The analysis of the counterpart of the 16S rRNA triloop at position A459 in T. thermophilus (PDB file 2J00 versus 1FKA) allowed us to observe a degenerated triloop conformation (see Fig. 4C). The triloop structure observed in 2J00 was resolved bound to the antibiotic paromomycin (Fig. 4A,C, left), whereas the degenerated one was resolved in a transcription-activated state, free of any antibiotics. In the structure bound to the antibiotic, the two triloops (in H10 and H17) expose a nucleotide inside the cavity created by the junction of the three loops. In the second structure, the two exposed nucleotides have moved toward their respective loop, leaving the cavity empty. The reason why the cavity is left empty in the activated state is unknown. Nevertheless, it shows that the two triloops were affected in a similar fashion by the experimental conditions.

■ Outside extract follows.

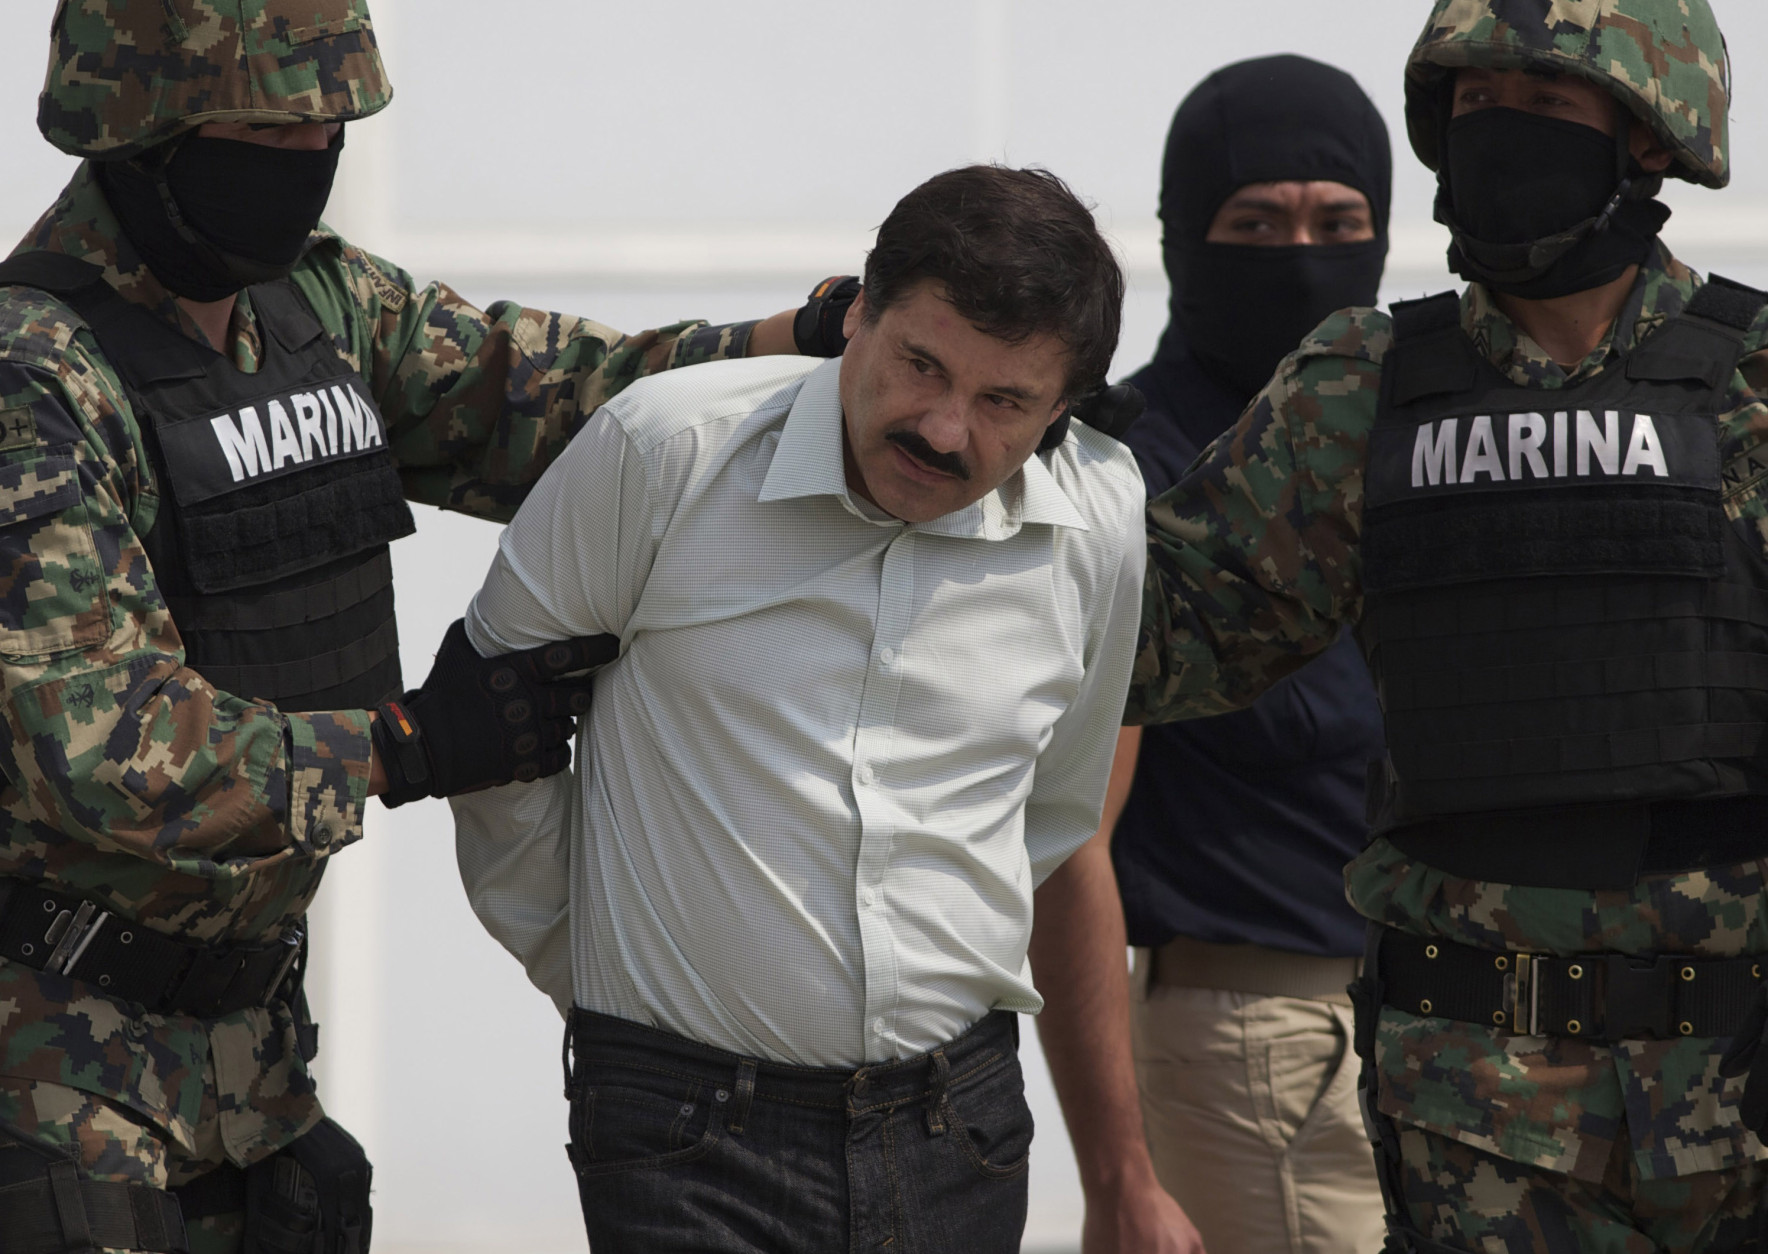 FOR USE AS DESIRED, YEAR END PHOTOS - FILE - In this Saturday, Feb. 22, 2014 photo, Joaquin &quot;El Chapo&quot; Guzman is escorted to a helicopter in handcuffs by Mexican navy marines at a navy hanger in Mexico City, Mexico. Guzman, the head of Mexico's Sinaloa Cartel, was captured alive overnight in the beach resort town of Mazatlan. (AP Photo/Eduardo Verdugo, File)
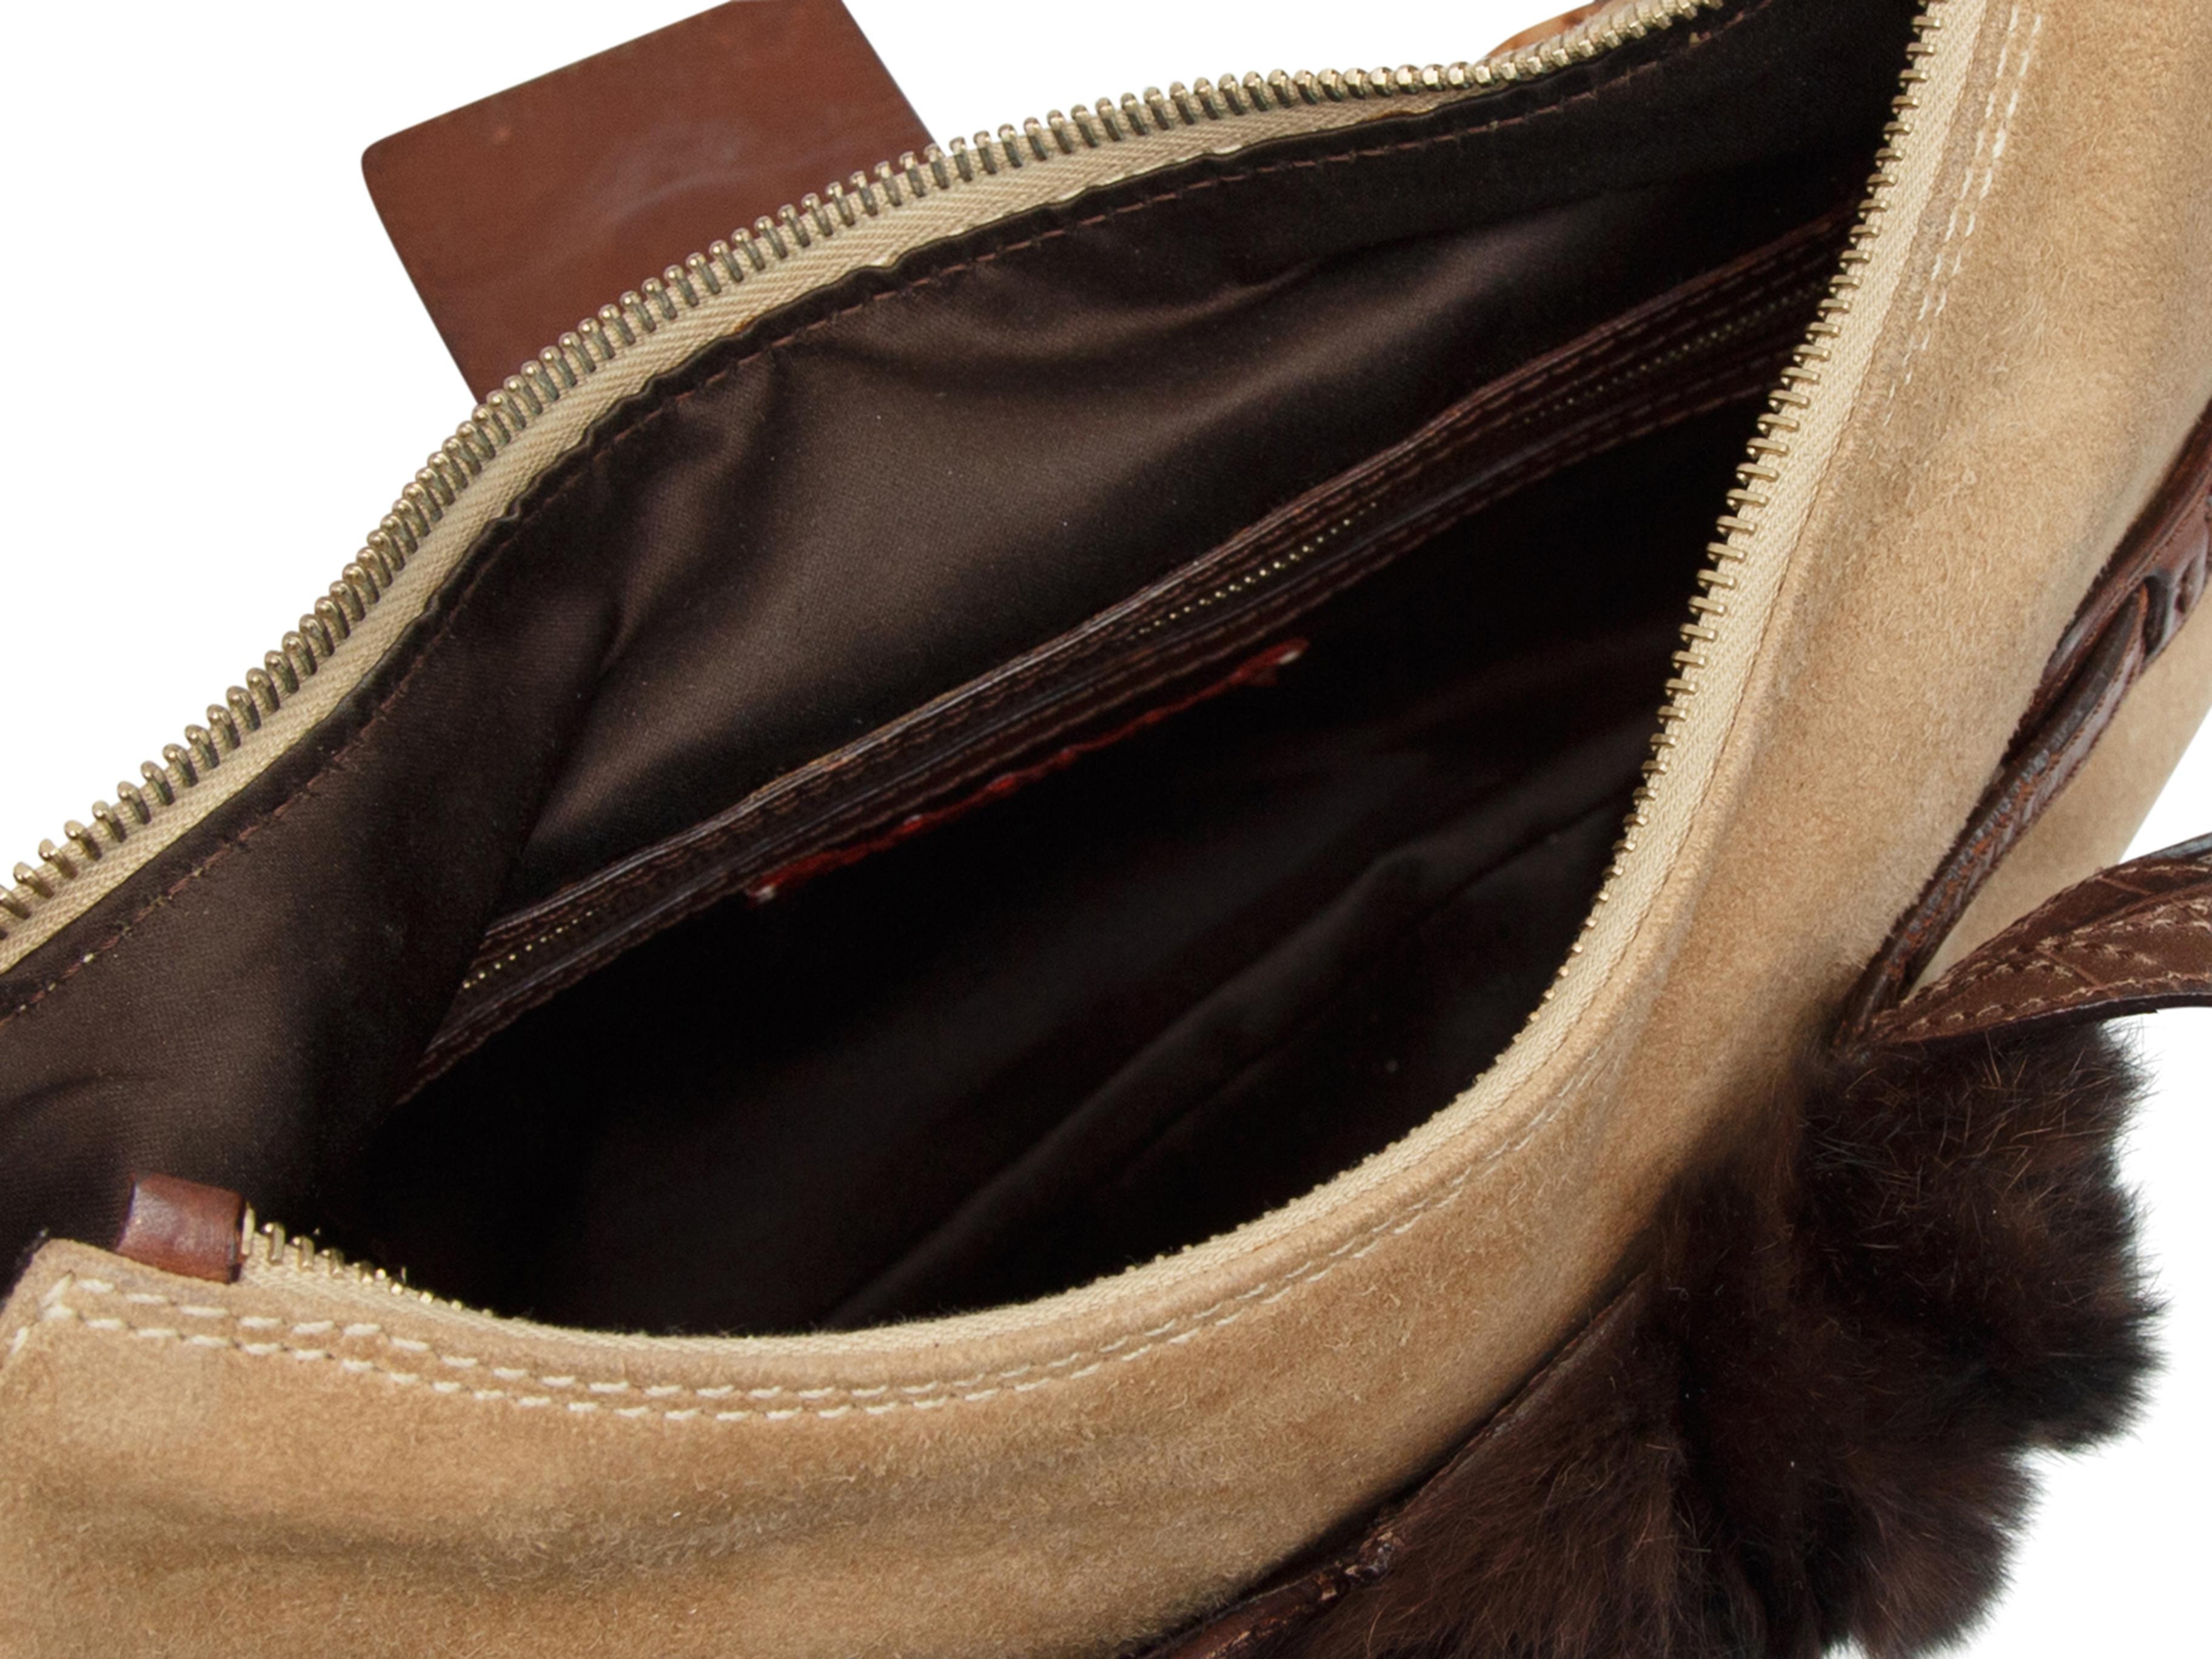 Product details: Tan suede shoulder bag with brown leather trim by Valentino. Tortoiseshell chain-link strap. Tonal fur accent at front. Zip closure at top. 11.5

The interactions found in the triloop of the X-ray crystallographic structure with the antibiotics can be obtained from the degenerated one by simple 3D modeling manipulations. First, flipping out C3 would allow for the stacking between G4 and A2. Second, bringing A5 inside the loop would allow for a pairing with G1. Finally, C0 and G6 can be slightly altered to retrieve the last Watson–Crick cis base pair of the adjacent stem. The degenerated structure observed in 1FKA can possibly be a preliminary state of the triloop, or the result of conformational changes induced by the activated state of the ribosome. Besides, the investigators of this X-ray crystallographic structure mentioned that long-range conformational changes could be transmitted along what they call a long structural pillar that includes H17 (Schluenzen et al. 2000).
Recently, RNA dynamics have also been reported in the literature in two interior loops. The X-ray crystallographic structures of the 23S rRNA of Deinococcus radiodurans and E. coli contain an interior loop in helix 40. Turner and coworkers have solved this interior loop by NMR and found a lower ground state than that of the X-ray crystals (Shankar et al. 2006). An important difference between the two states is the disappearance of a noncanonical A–A base pair in the X-ray crystal structures. Similarly, the cytoplasmic A site in the small rRNA of Homo sapiens has been solved by X-ray crystallography, showing two distinct structures (Kondo et al. 2006). The two structures are referred to as the OFF and ON states, which correspond, to a free A site and to a loaded one, respectively, where a tRNA brings a new amino acid to a nascent protein. The ON state shows two bulging out nucleotides that pair inside the helix in the OFF state. The two examples above show clearly the appearance/disappearance of intraloop base-stacking and base-pairing interactions, such as those observed in the triloops.
The comparative analysis also revealed the presence of two overlapping triloops in two different species, E. coli and T. thermophilus, which share four of their five nucleotides (Fig. 5). The effect created by the presence of antibiotics differs in each species, and could thus be species specific. The T. thermophilus structure with antibiotics (2J01) shows the presence of two triloops. The E. coli structure with antibiotics (1VS6) only shows one triloop. Finally, the E. coli structure without antibiotics (2AW4) restores the second triloop, a structure identical to that of the T. thermophilus with the antibiotics. Worth mentioning, this triloop site is also located in H17, but in E. coli.
These results show that ligand binding has an extremely important effect on RNA structure, which can be structure specific, and cannot be accounted for in any context-free RNA structure predictor.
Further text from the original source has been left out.